Vivre ensemble

Vivre ensemble

 

Au fil des différentes réunions dans les quartiers, un constat : le « vivre ensemble » devient de plus en plus difficile. Pourquoi ? Parce que notre société évolue et pousse vers l’individualisme. Parce ce que le quotidien, lourd à gérer entre la famille, la profession, les déplacements, entraine un repli sur soi et fatalement le développement de l’égoïsme.

Les exemples et les conséquences sont innombrables. Chacun peut relater une anecdote ou témoigner de ses griefs.

Faire la fête, c’est bien, mais sans l’imposer à tout l’immeuble ou le quartier : il faut penser à ceux qui vont travailler le lendemain ou aux personnes malades.

Avoir un chien, c’est sympathique, mais le laisser souiller tous les jours le trottoir, c’est ne pas tenir compte des autres passants. Et si l’on a la correction de ramasser, il faut aller au bout de son acte et mettre le sachet dans une poubelle, pas le laisser sur le trottoir ou le bord d’une fenêtre ! Idem pour la canette ou la bouteille d’eau à ne pas abandonner sur la voie publique, une fois qu’elles sont bues.

Avoir une haie, c’est sympathique, c’est une belle verdure. Mais il faut l’entretenir et la couper régulièrement : si les branches dépassent, c’est gênant.

Vous êtes pressé, vous en avez juste pour quelques minutes et vous stationnez sur une place réservée aux personnes handicapées ou sur le trottoir : pensez-vous aux mamans avec poussettes, aux personnes âgées qui devront emprunter la chaussée pour passer ?
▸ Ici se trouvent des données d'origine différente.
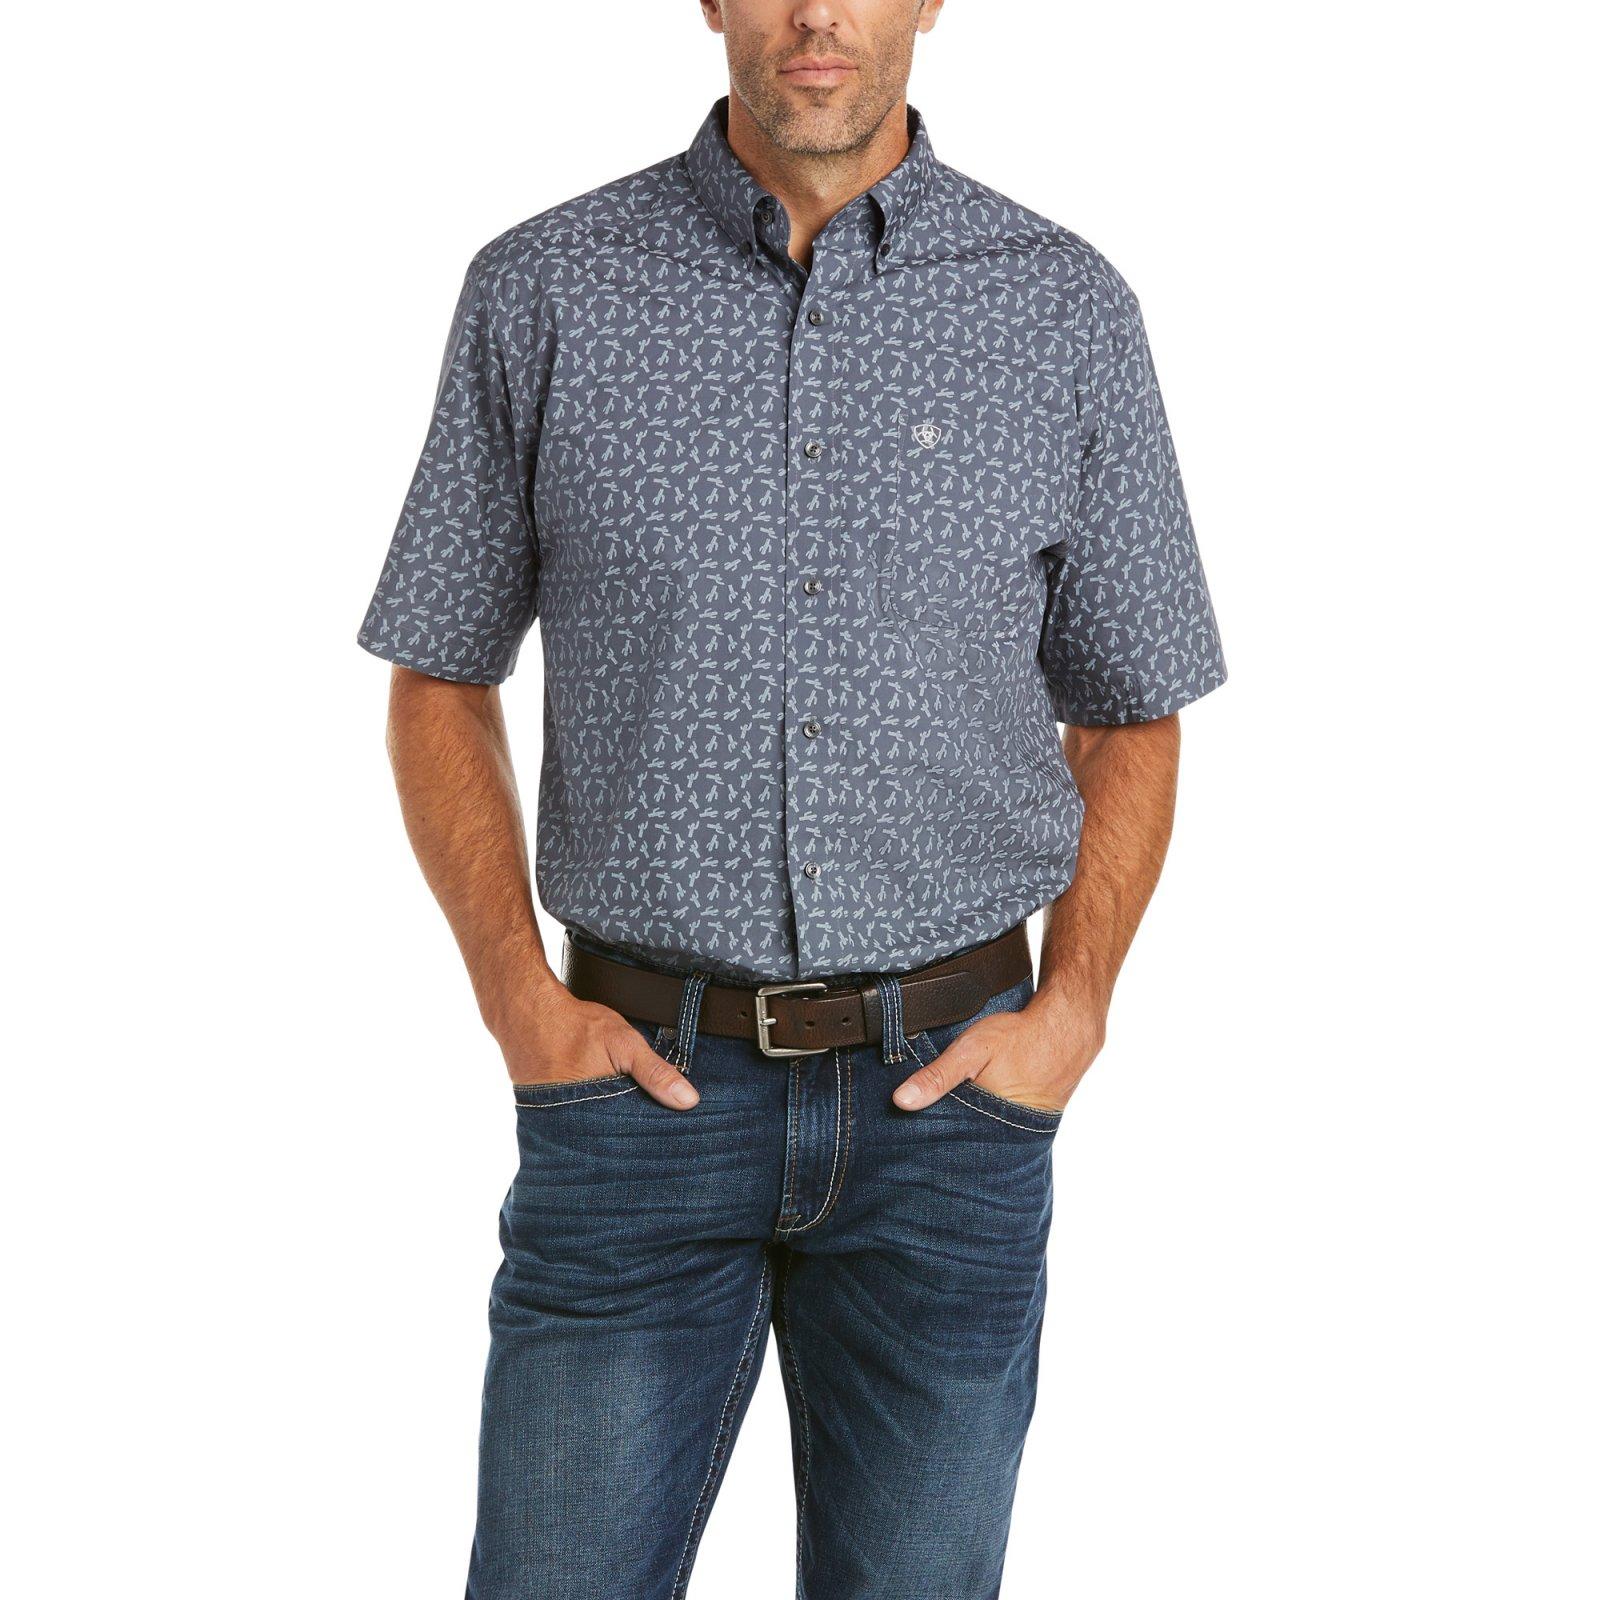 Tarez Classic Fit Short Sleeve Shirt from Ariat
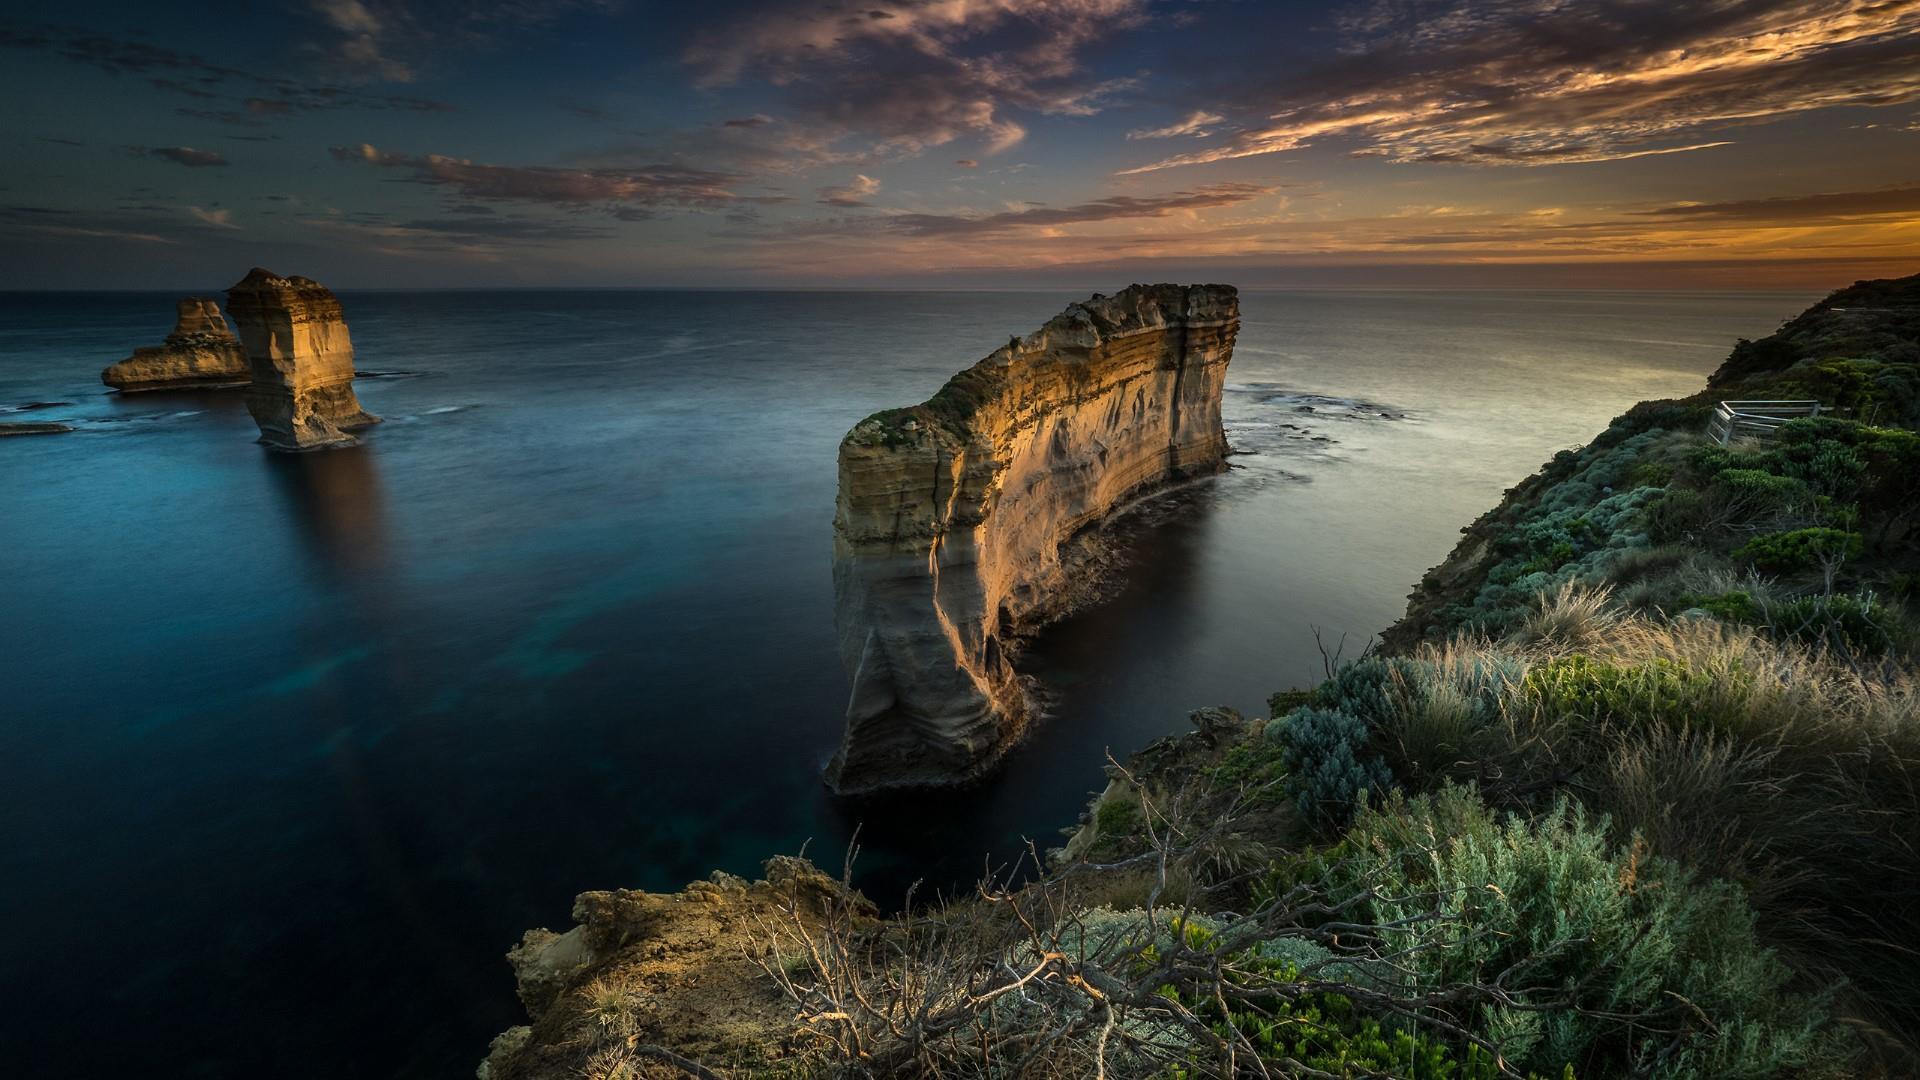 Sunset scene from the Great Ocean Road, Victoria, Australia wallpaper

Juste quelques exemples, il y en a tant ! Certes, l’arsenal des lois et des règlements divers et variés est là pour encadrer la société. Mais l’élément primordial, c’est l’intelligence humaine et le sens moral de l’individu. Le civisme, c’est tout simple : c’est réfléchir à son acte et envisager ses conséquences, c’est penser à l’autre dont on a besoin tous les jours.